问题
I have this tool called cgatools
from complete genomics
(http://cgatools.sourceforge.net/docs/1.8.0/). I need to run some genome analyses in High-Performance Computing Cluster. I tried to run the job allocating more than 50 cores and 250gb memory, but it only uses one core and limits the memory to less than 2GB. What would be my best option in this case? Is there a way to run binary executables in HPC cluster making it use all the allocated memory?
回答1:
The scheduler just runs the binary provided by you on the first node allocated. The onus of splitting the job and running it in parallel is on the binary.
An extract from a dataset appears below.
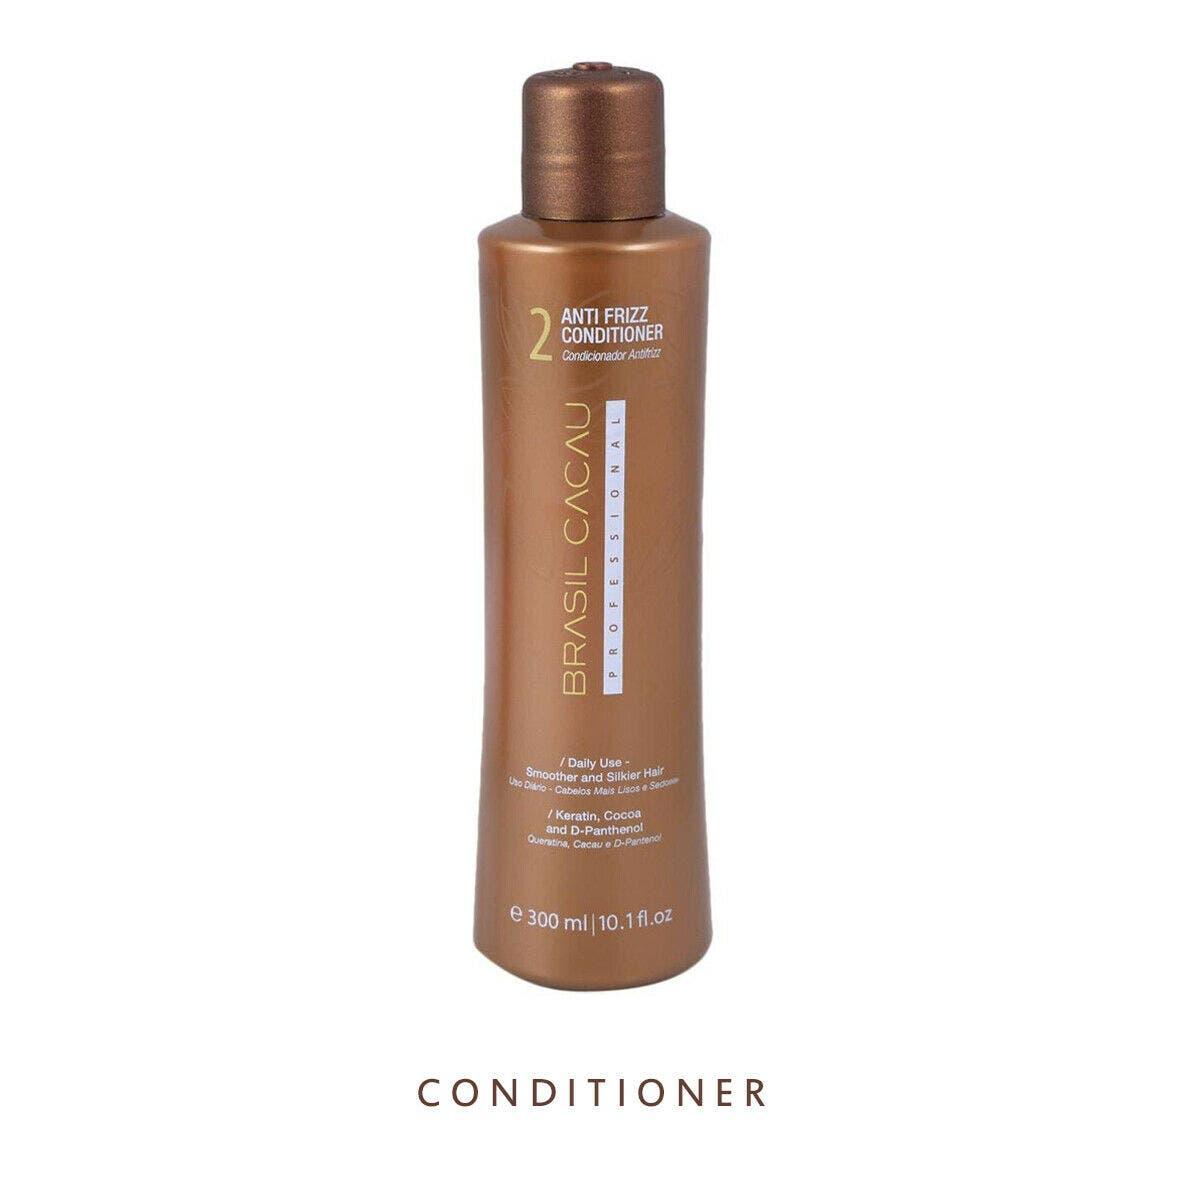 Brasil Cacau ANTI FRIZZ 300ml Conditioner For Damaged Hair
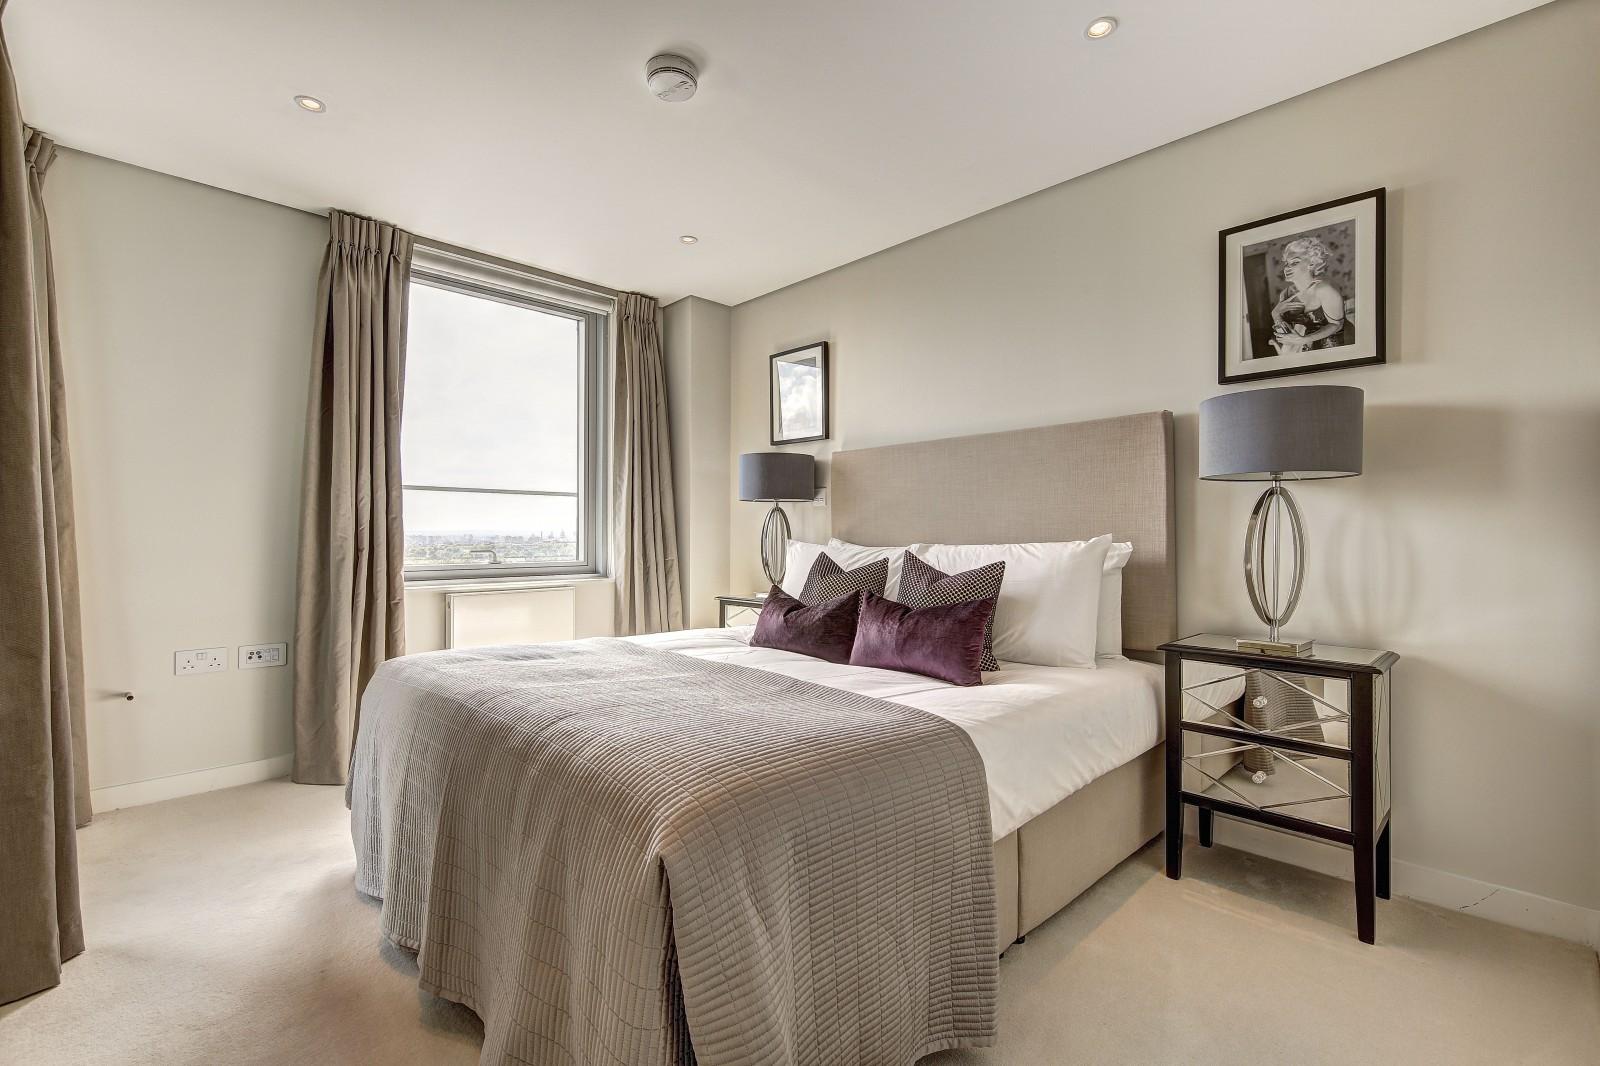 3 Bedroom Apartment To Rent Merchant Square East London W2 1ap

Hence, you see that you are using one core out of the fifty allocated.
Parallelising at the code level
You will need to make sure that the binary that you are submitting as a job to the cluster has some mechanism to understand the nodes that are allocated (interaction with the Job Scheduler) and a mechanism to utilize the allocated resources (MPI, PGAS etc.).
If it is parallelized, submitting the binary through a job submission script (through a wrapper like mpirun/mpiexec) should utilize all the allocated resources.
Running black box serial binaries in parallel
If not, the only other possible workload distribution mechanism across the resources is the data parallel mode, wherein, you use the cluster to supply multiple inputs to the same binary and run the processes in parallel to effectively reduce the time taken to solve the problem.
You can set the granularity based on the memory required for each run. For example, if each process needs 1GB of memory, you can run 16 processes per node (with assumed 16 cores and 16GB memory etc.)
The parallel submission of multiple inputs on a single node can be done through the tool Parallel. You can then submit multiple jobs to the cluster, with each job requesting 1 node (exclusive access and the parallel tool) and working on different input elements respectively.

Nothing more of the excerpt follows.